Lakeview Terrace Cover To some people racist's are arrogant, irritating, and damn right annoying to be around. Whilst to other people racist's are so intriguing to watch, they're willing to at least stick one of them into this 110 minute movie made in 2008. It was Directed by Neil LaBute; and Starred: Samuel L. Jackson, Patrick Wilson, with Kerry Washington.

Lakeview Terrace

Now when me an my blushing bride first moved into our new house, together, deep down inside me I honestly thought to myself that everything was going to be alright.

But no. It with great regret that I was very wrong, my friends. Damn wrong. All because our new neighbor, Abel Turner (Samuel L Jackson), takes a instant disliking to us, and at every given turn begins to rub us up the wrong way.

Yeah. I'm not being paranoid about this situation. First he sneakily keeps on shining a spotlight through our bedroom window during the night. Then he keeps on speaking to me in hushed and intimidating tones when no one is around us. And to top it all off, he shames me and my wife Lisa (Kerry Washington) whilst we're throwing a house-warming party in our new home.

I'm mean, for Christ sake, what is Abel's problem? Doesn't he like me and Lisa because I'm a white man and she's a black woman? And if that is the case, why should he care? Especially since he himself is a Nubian officer of the law!

Oh! I don't know what's going on. But then again that's most probably why what next transpires all kicks off when Lisa says to me, 'Chris (Patrick Wilson Wilson). Your going to be a Daddy'. As Able take a break from his game - a short hiatus quickly turns into a period of shame - a bachelor party gives everyone a fright - and at the end of the day, a policeman's plan ends in one hell of a fight.

When I first sat down and watched 'Lakeview Terrace', nigh on straight away it reminded me of two different forms of entertainment I can remember from my not so distant past. The first thing this film reminded me of was the Paul McCartney and Stevie Wonder song, ‘Ebony and Ivory’, largely due to the way they canceled each other out in both tone and in temperament. Whilst the second thing it reminded me of was an old nineteen-seventies British Sitcom called, ‘Love thy Neighbor'.

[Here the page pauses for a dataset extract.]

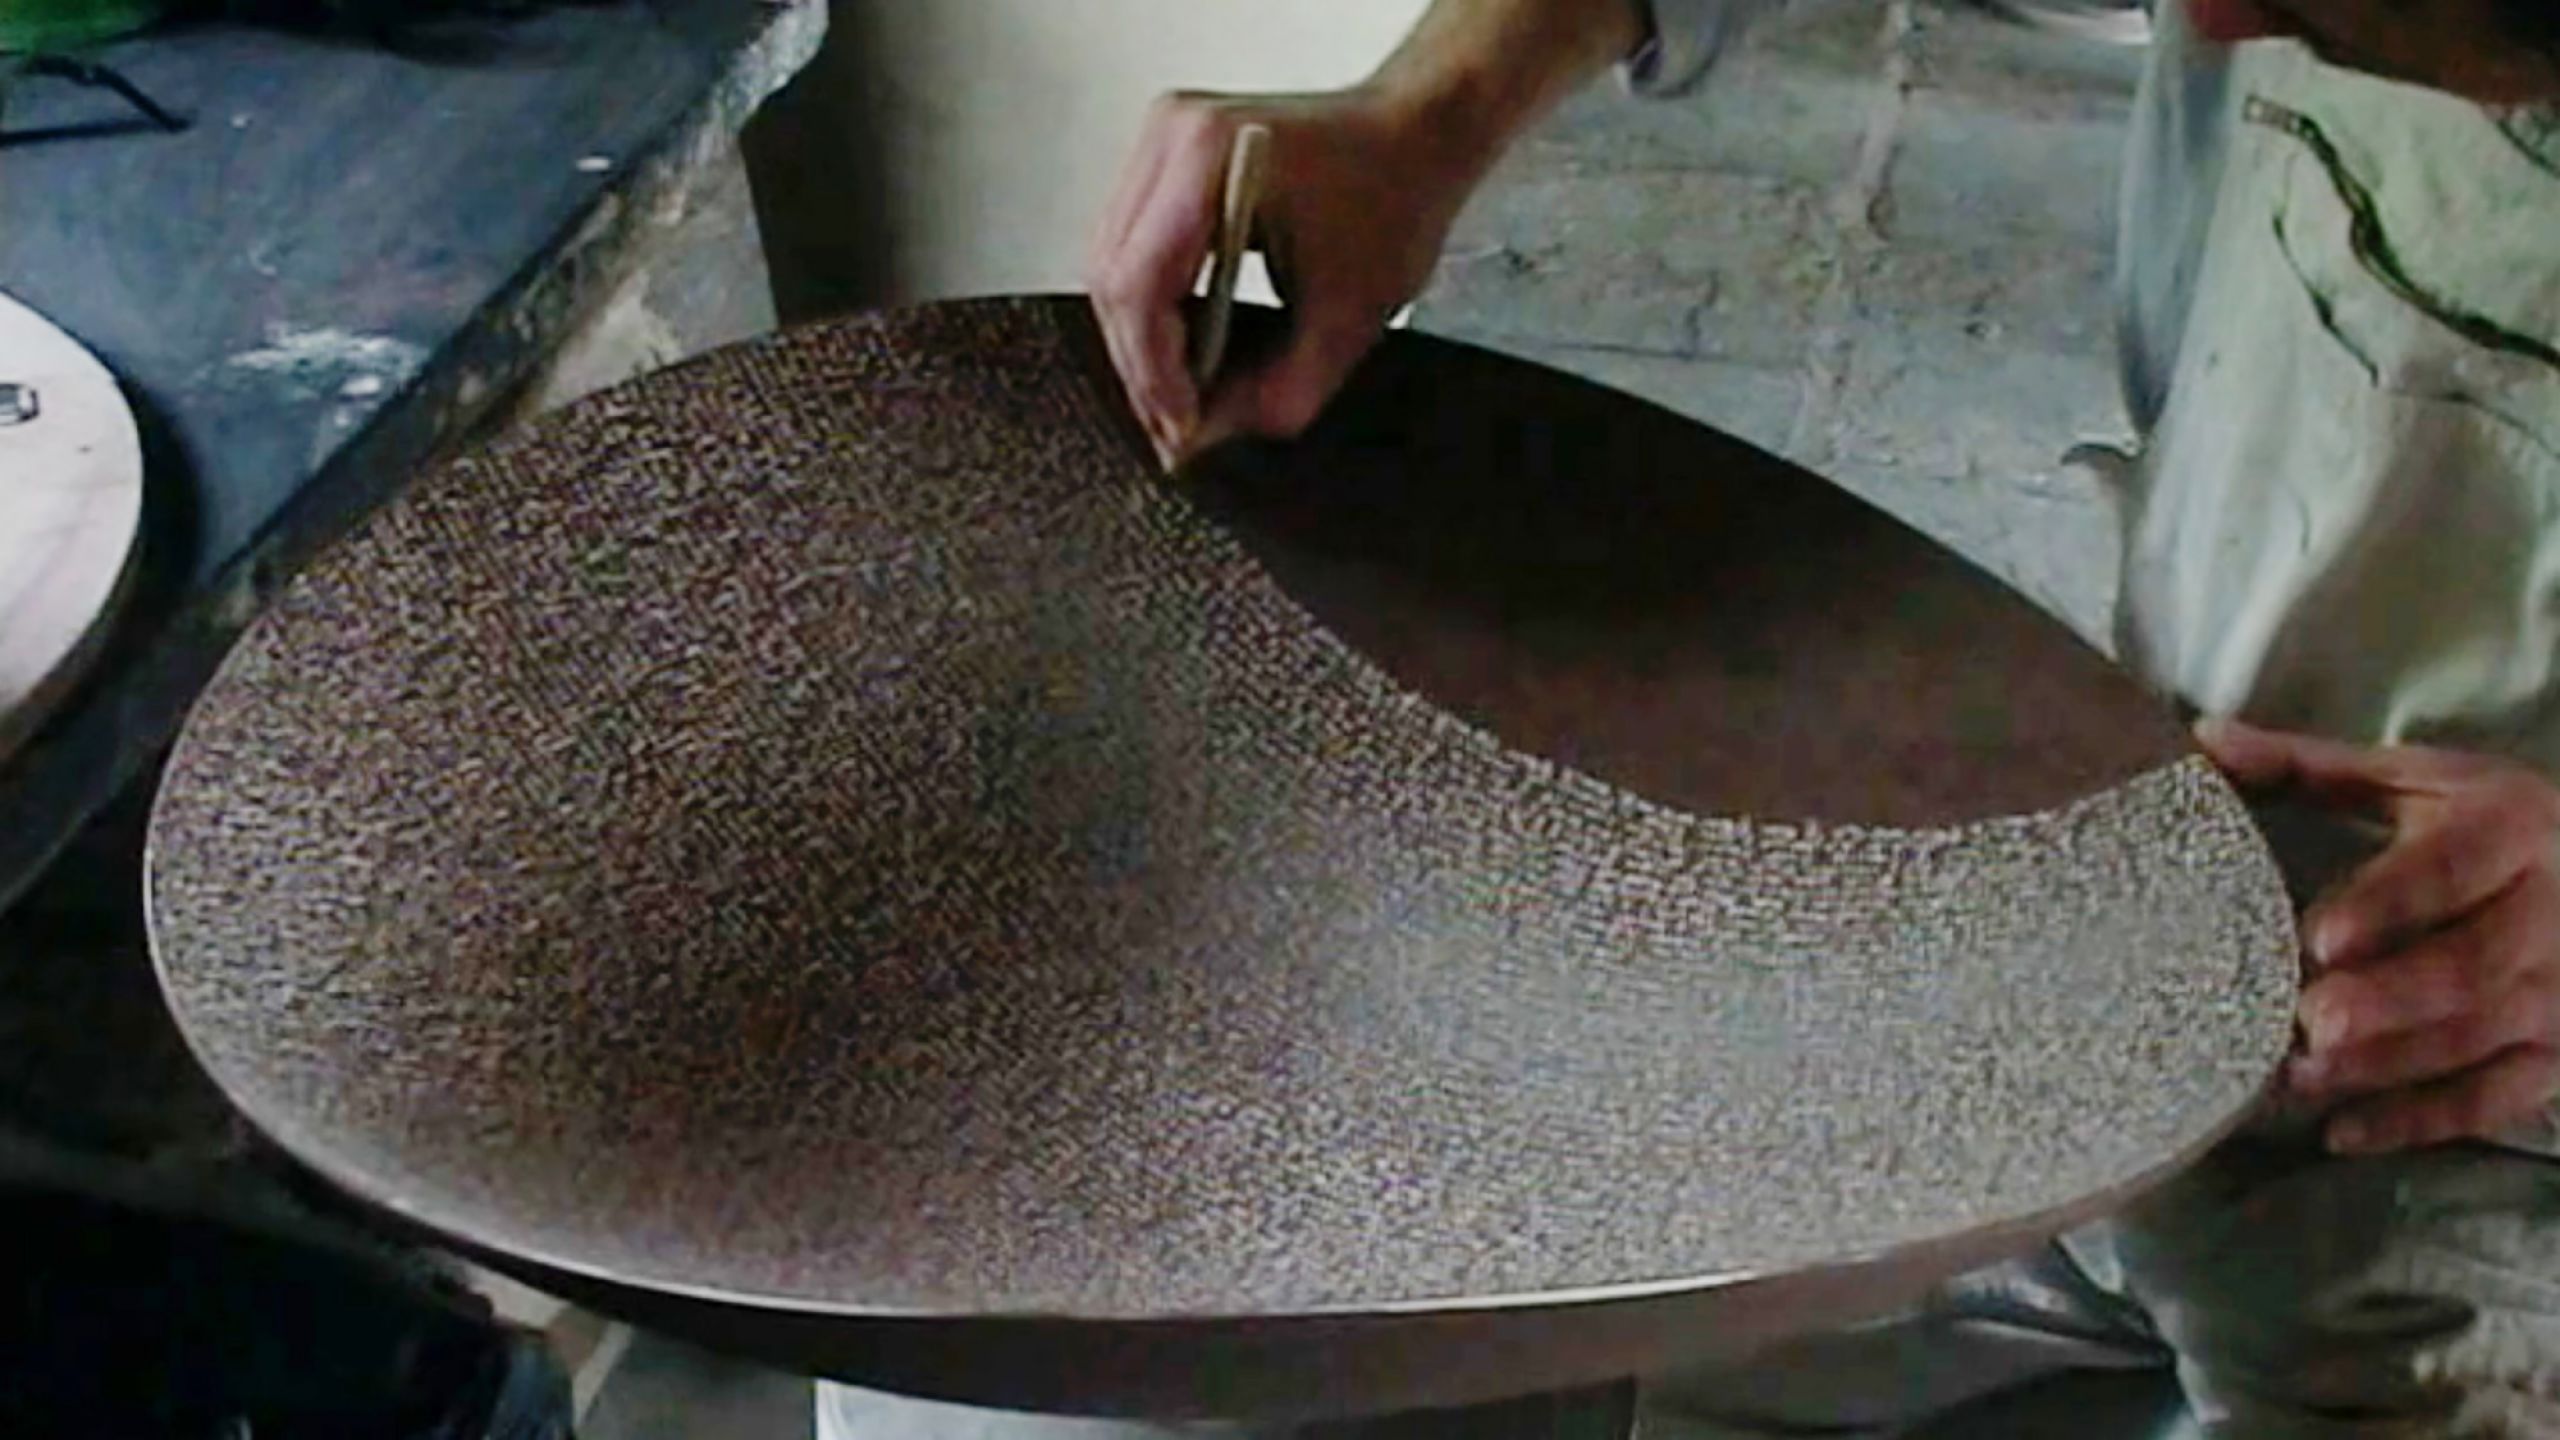 River of Words: The making of pots

Lakeview Terrace Starring Kerry Washington and Patrick Wilson
Now if you've never heard of this jovial series before, I best tell you that it was a rather light heated yet bigoted account, of what could happen when a nice West Indian couple move next door to a white working class family. I'm sure you know the sort of TV program I'm talking about, folks. Racial slurs run rampant whilst either side of the equation got to know each other in the process.

OK. I have to admit. 'Neighbor' and 'Lakeview' don't play out in the same way at all. The production values and acting styles are far superior in this picture, plus their is an added feeling of dread and suspense it carries along with it as well. However, what they do share is a conceit that touches upon the whole 'racial dilemma', whilst segwaying into what is at the very heart of this movie -- envy -- and what one man will do no matter how wrong he truly is.

You see, I presume Samuel L. Jackson’s character wants to be Patrick Wilson’s character. He is younger than he is. He is less jaded then he is. And on top of that, he has better prospects, a dazzling wife, and a fresh new beginning too. Whereas Samuel's character is lacking all of these things, whilst desperately trying his best to hold onto what he thinks is righteous and pertinent about his own outlook on life.

Envy is the key that makes him act in the way he does. And this fact is highlighted during numerous scenes in this movie, most notably the bar-room scene where they both have a strained face off.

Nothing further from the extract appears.